Yeah this is true, but ECC engines in modern controllers are so powerfull and there is lots of spare area invisible to the user and controller (sandisk tlc apperently has 1/5 dedicated just for that), so it doesn’t pose that much a problem.
Crappy nand can be compensated with a proper controller. Crappy controller can’t be compensated with a proper nand.
Besides, most faulires come down to controller failing or trippin on acid, no failed nand. Some controller can actually withstand flash die faulires just fine (sandforce does that for example).
Whats the most reliable controller today?
Intel, marvell, samsung are pretty good choices with excellent track record.
Sandforce, phison, jmicron… Not so much (granted, their latter stuff got better).
I thought Intel controllers were/or made by Sandforce/Lsi?
No, Intel actually makes their own controllers too.
Intel 730 uses their inhouse controller for example.
But yes, their consumer stuff uses sandforce and is no better than other sandforce based stuff (apart from cherry picked nand).
No SLC Cache, disappointing. I’ll avoid Silicon Power SSD’s after their controller bait-and-switch tactics on the S60 and S70’s. It’s even worse than what Kingston and PNY did (and I avoid those drives, too).
Agreed. Who knows if the “chip’s close-up shows a part number of” for anything produced by these guys will be accurate down the road.
Their multiple choices of controllers used in these product lines is most definitely why their power consumption specs were generic.
I wouldn’t be too concerned about a lack of SLC cache in this drive, as it’s not using cheap TLC flash with its inherent latency and longevity concerns vs MLC. SLC hybrid drives often have issues with performance consistency due to firmware design, so sometimes simpler is better when the mfg isn’t cutting corners on flash quality.
Crucial’s MX200 is a prime example of the mixed bag that SLC hybrid design (DWA in their terminology) can be when applied to an MLC-based drive…until its firmware matures.
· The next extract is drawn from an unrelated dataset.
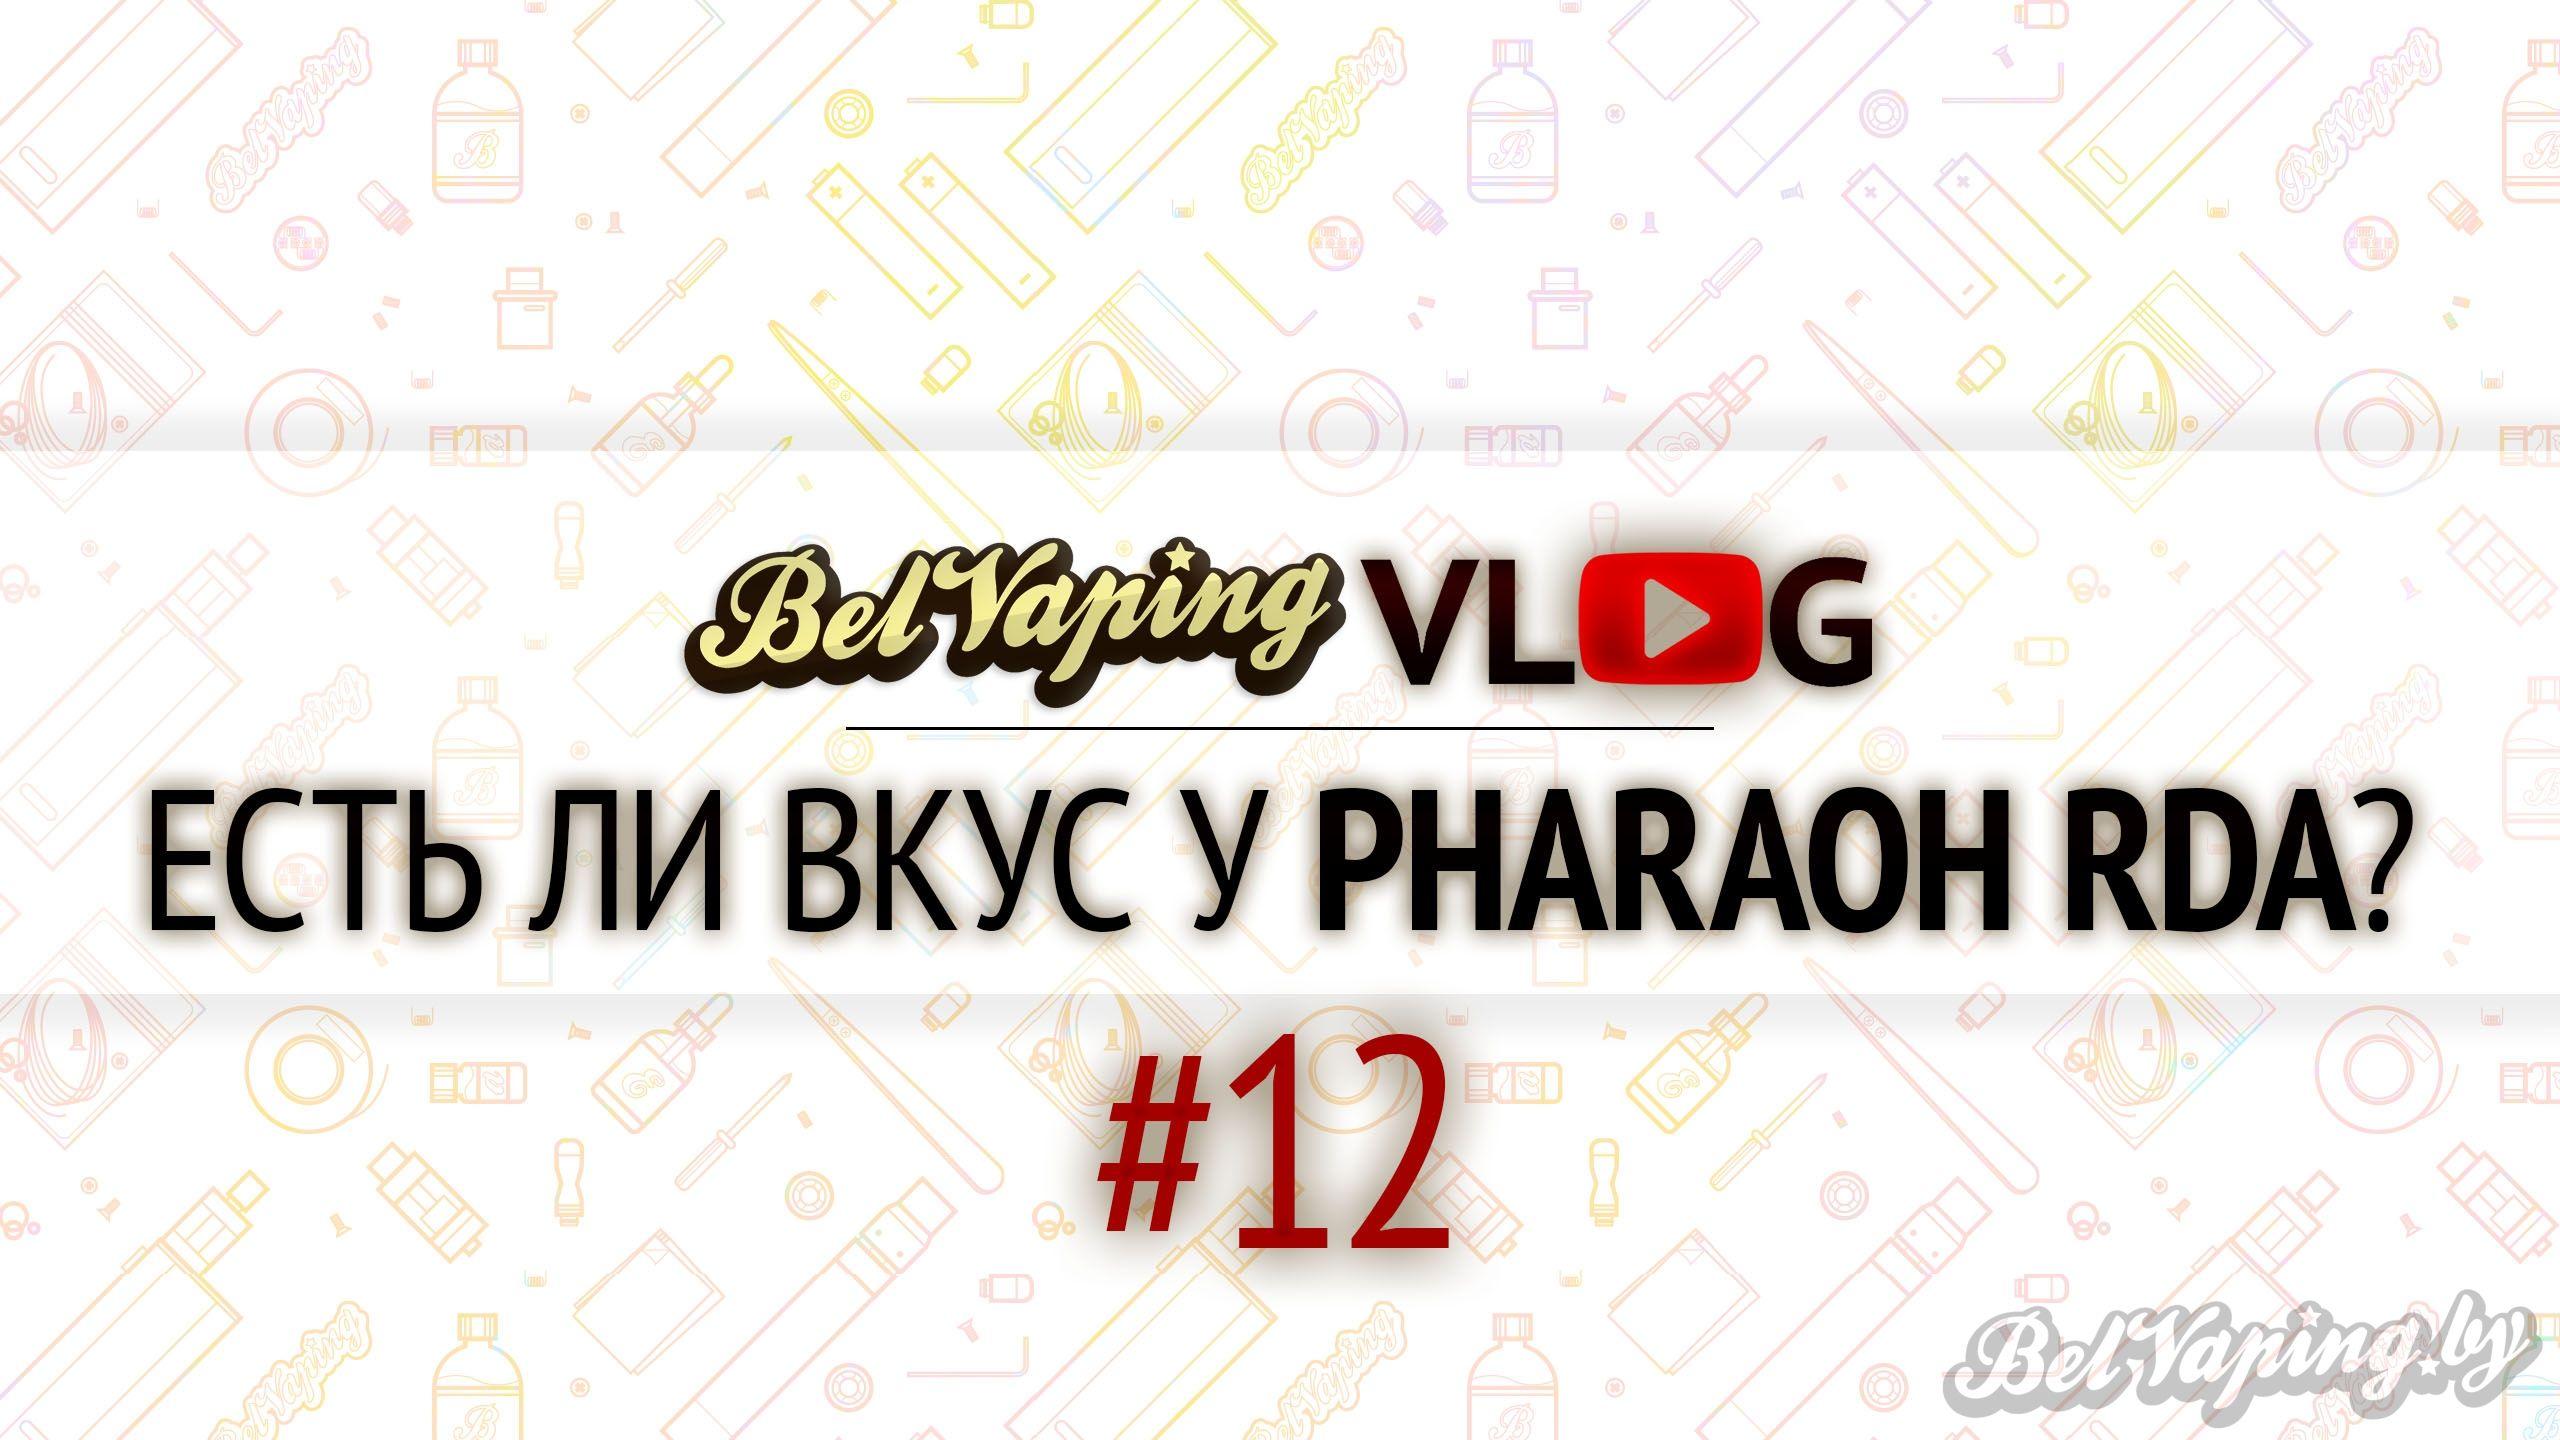 BelVapingVlog #12: А есть ли вкус у Pharaoh RDA?

Anandtech’s review traces are a good example of the potential compromises, mainly in latency issues when the firmware stumbles while managing the SLC-MLC combo under heavy loads. Their BX100 uses a lower end controller and is the simpler “budget” product with pure MLC but doesn’t have the glaring issues under certain loads that the MX200 does, which makes the MX200 unworthy to pay any premium for until the firmware is stabilized–especially since the BX100 is more power efficient.
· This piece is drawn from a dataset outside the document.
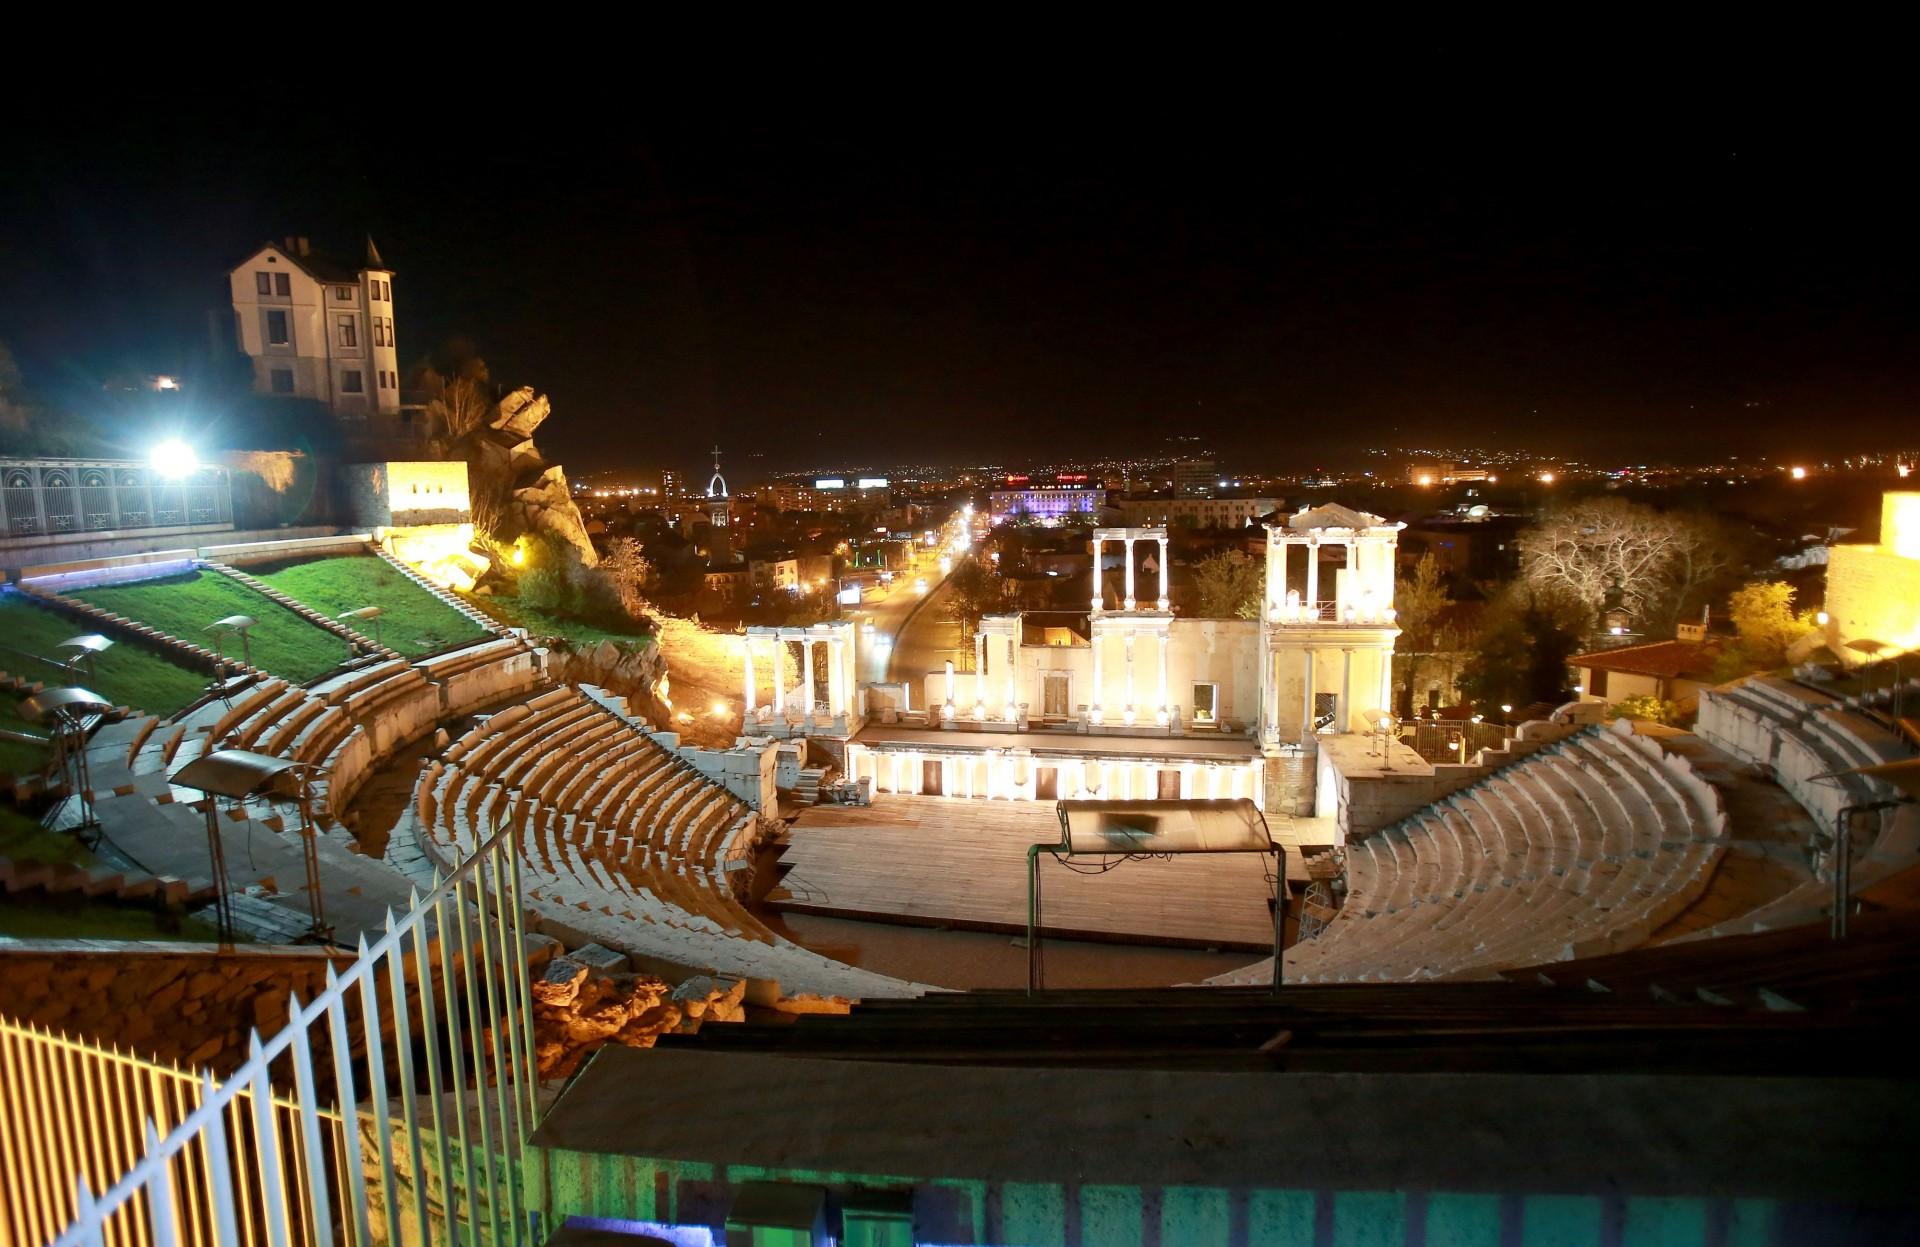 APRILE 2015 - PLOVDIV (BULGARIA). Il teatro romano (II sec. d. C.). Tony Vece. Ag Lara

The S80 is now down to $84.99 — .35/GB.
The firmware version tested in this review (7.2 as seen in the benchmark result screen shots) was outdated months before this article was published, and should have been updated to 8.0. I purchased one of these SPCC drives in late 2014 and tested the 8.0 release in January. 8.2 is the current firmware as of earlier this month.
Firmware updates are very easy using SPCC’s tool, and it automatically checks and installs the required updater when the utility is run since SPCC often swaps between Phison and Sandforce controllers in some of these product lines.
Making sure firmware is up to date is pretty important on drive reviews, especially these days as they are likely to be optimizing for PCMark 8’s more intensive testing methods (only available in the non-consumer version) vs generally prioritizing burst / light load performance in the past. I have seen negligible differences in the drive’s light load benchmark performance with the new 8.x firmwares vs the stock 7.2, but the story could be very different in the heavier PCMark 8 test traces. If you still have this drive, updated results would be appreciated.